10 thoughts on “Management Tactic #58: A Modest Proposal”

  1. First, ew…

    Second, punctuation then emoticon in my opinion.

    Third, I don’t see the men changing themselves as often as would be needed.

    What about space underwear in which the waste gets vacuumed into a little backpack that gets emptied at the end of the day?

    Very weird post, Jamey. 🙂

    • Emma–True, that is a messy topic. I think the type of diapers depends on how eco-friendly the company is. At my office, we try to use disposal products as little as possible, so I guess we’ll be washing our cloth diapers at home every night.

  2. Last Friday I was staring at the empty back wall of my cubicle, and decided to give it a little more character. I’ve read and saved excerpts from several different books on business tactics and innovation in the last few years. I chose certain short passages, copied them into Microsoft Word, and printed them out for my cube wall to see if it would help motivate me, my employees, and stimulate conversation amongst us. I had some extra space to fill, so I went to your blog, Jamey, and chose a few of your Management Tactic posts to join my board of wisdom (hopefully this is ok with you—I’m giving you full credit, I promise!). Some of my favorite posts like Fingerpointing, The Value of Facetime, I Am Responsible, Don’t Make Lemonade and Make Yourself Obsolete are now present for everyone in my department to read and comment on.

    I checked the blog this morning, and as the page was loading, I noticed it was another post Management Tactic category. I was so excited! Would this be another gem to add to the wall? Before I read any of the text, I noticed the photo, and a few questions immediately sprang to mind. “What is going on here? Are those urinals? What do urinals have to do with business management? Is that Ben Stiller?” So I eagerly read the post, looking for enlightenment and answers to these nagging questions.

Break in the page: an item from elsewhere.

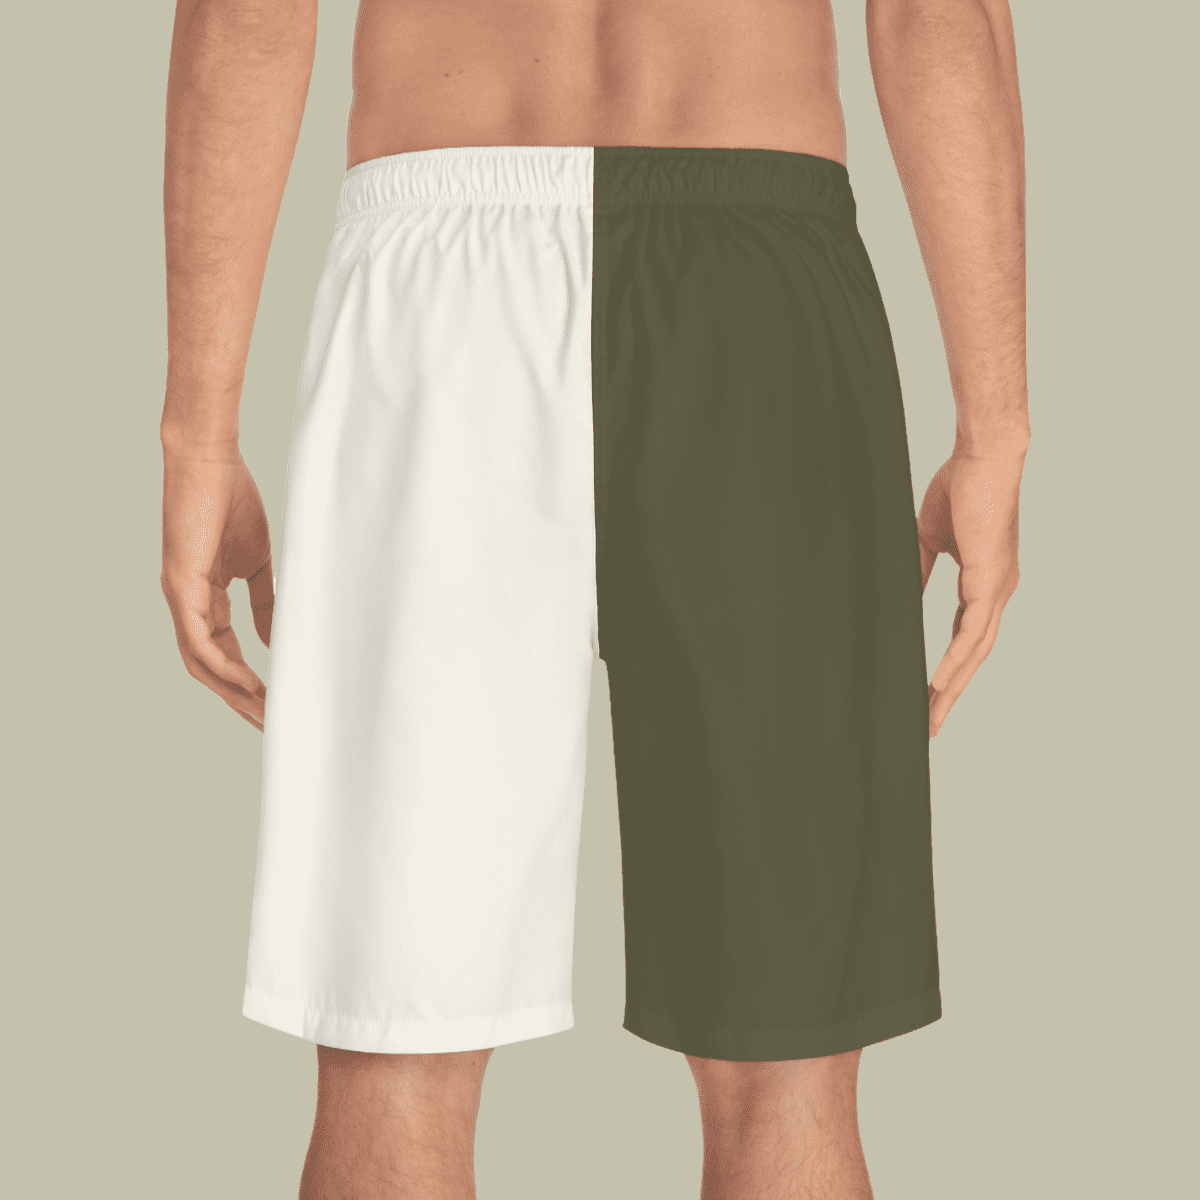 Men's Khaki and Cream Board Shorts

    I think I can now confidently say that today’s post is not going to join the “wall of wisdom”, unless I’m looking for a reason to get HR to schedule a meeting with me! 😛 (another vote for emoticon after punctuation)

    P.S. Please tell me the part about texting people to tell them you’re in the bathroom was a joke as well!

    • Katie–I’m extremely honored to make it onto your Wall of Wisdom! And I agree, this post most certainly does not belong. 🙂 Back when I started the “Management Tactics,” I thought I’d make them all tongue in cheek. There was still wisdom in the posts, but often the reader was supposed to do the opposite of what I was saying. After a while I decided to give actual leadership advice in a more straightforward way while still adding a little humor here and there.

      But every once in a while I have to hearken back to the good ole days. 🙂

  3. Ok, practical reasons why this is silly.
    1) Cost of TP + Cost of bowl water < Cost of any diaper + cleaning or disposal.
    2) Time spent to wipe bunghole 1x/poop 0).
    3) Increase in Sick leave and health benefits, due to lack of un-hygenous atmosphere
    Finally, I already put up with too much of your shit. Now we’re all having to stew gaseous pools of each other’s dung. It makes that freshly shampooed poop smell, seem like a summer meadow.

    Emoticons have evolved from punctuation as Homo Sapien from Neandertal. But more like the relationship between letters and the words they create, punctuation alone rarely communicate meaning, where the combination of punctions into a recognizable emoticon can express some meaning, usually an emotion. The completion of that meaning may then need to be punctuated. I’d say yes, punctuation is needed after emoticons.